Being at the intersection of academia and SFF has been like watching two battlegrounds lately. But the wars have been almost entirely within the ranks, between progressives and liberals, so I thought they were politically irrelevant.

After all, when a liberal says something, is schooled by a progressive, and humbly apologizes, nobody’s vote has changed. Just in case any of us thought it might, it’s been repeatedly pointed out to us that someone who abandons a commitment to social justice just because they were yelled at on the internet is a fragile, sniveling turncoat whose only real commitment was to self-righteousness.

Liberals are safe targets. Their manners and opinions can always be corrected, and they’re not going to turn around and vote for Trump out of resentment.

Even when Sad Puppies and Gamergate and Heterodox Academy came along, I still kept viewing these internal battles as safely left-wing. I didn’t like the prospect of a world of tiptoeing around and watching one’s every word, but I really saw no alternative. Even when I read debates and thought ‘that liberal’s mistake was in sympathizing with these bullies in the first place,’ I never considered becoming conservative.

I was stupid. I apparently thought that nobody less liberal than myself knew how to use the internet. Even when every article that challenged the PC policing garnered pages full of comments thanking the author for saying what the commenters dared not say, I still thought everybody posting was safely liberal and that the only potential republican voters in the picture were the ones over at Mad Genius Club.

How dumb was that? A lifelong liberal like myself can be brought to ‘To hell with this and its little dog, too,’ yet politically undecided observers were supposed to just take no notice?

It’s common to say that you can judge character by watching how someone treats subordinates. I now think you can also judge it by watching how people treat their friends and allies. People on the sidelines can see how much damage is done by friendly fire. They can imaginatively put themselves in the participants’ shoes, and ask ‘Do I want even one iota of this in my life or my children’s lives?’

I imagine myself as a truly undecided voter, standing in that booth on election day where nobody can see or comment on what I’m about to do. I imagine myself asking myself which side I want in my life for the next four years. Weighing economics, concern for various identity groups, the general feel of the future each side conjurs up. What will my life be like if each group prevails? What does it look like in settings where these groups have prevailed? Which of those would I want to live in, to engage with? How do they treat their friends?

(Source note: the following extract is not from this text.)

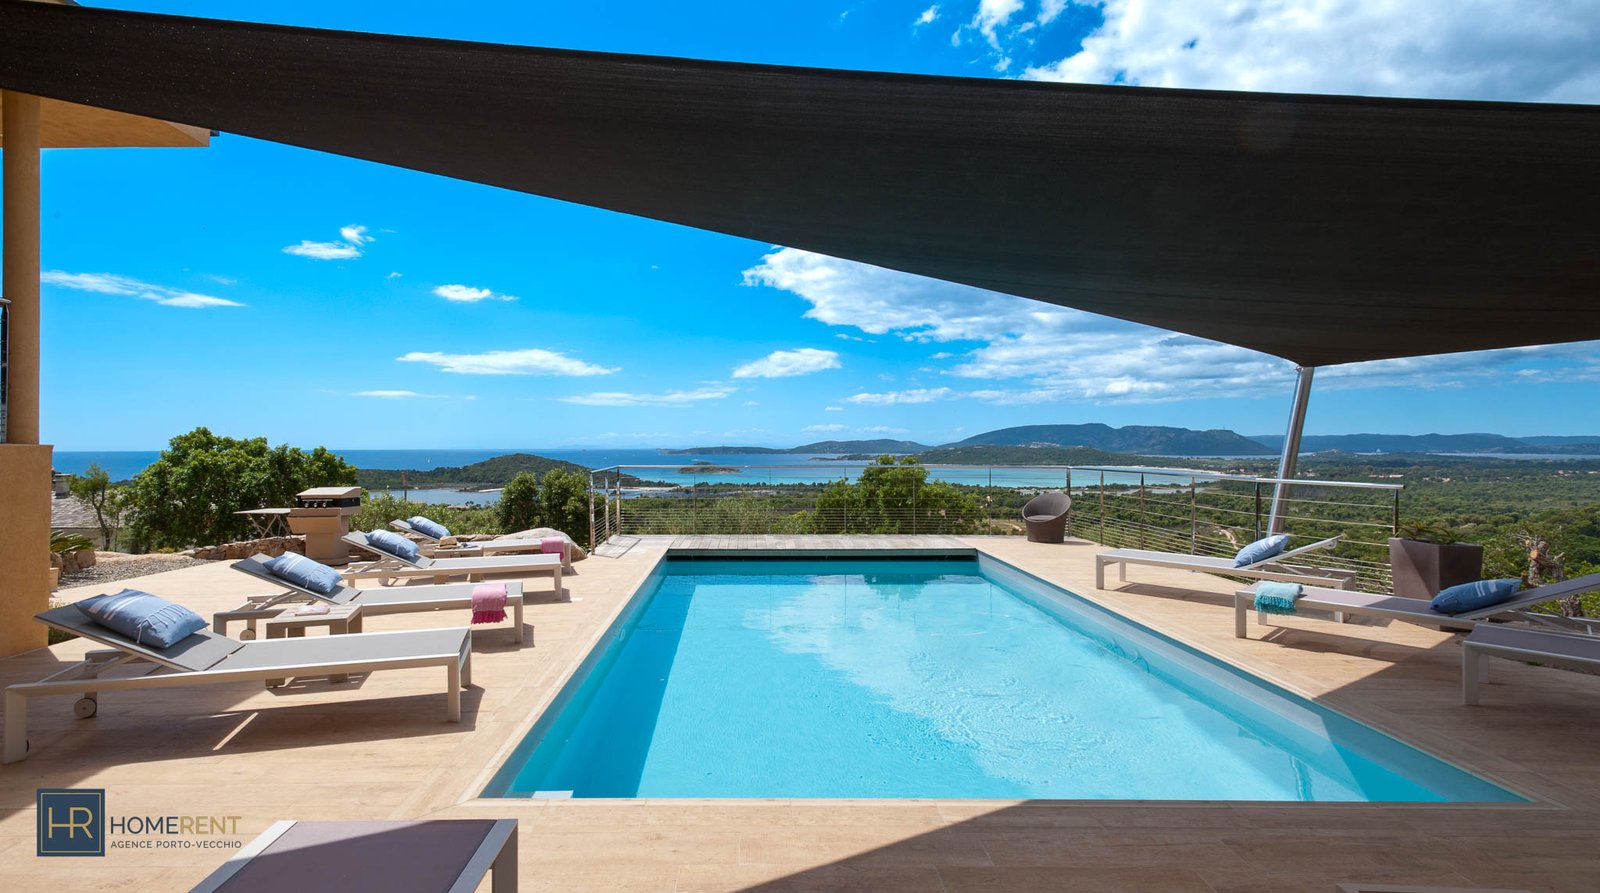 Location villa vue mer à Porto-vecchio avec piscine chauffée proche plage Saint Cyprien

I voted for Hillary because I care about a lot of people who have reason to fear the racist end of Trump’s coalition. I want them to be happy and secure. But on a lot of other levels, my vote for her felt like giving up hope. I don’t want to live in a PC future. I don’t want positions that were respectable in January to be ‘bigoted’ by June. I want off the euphemism treadmill, and into a world where we – at least those of us on the same side – treat each other as if we meant well.

Undecided people are watching. I want them to see something they’d like to be part of.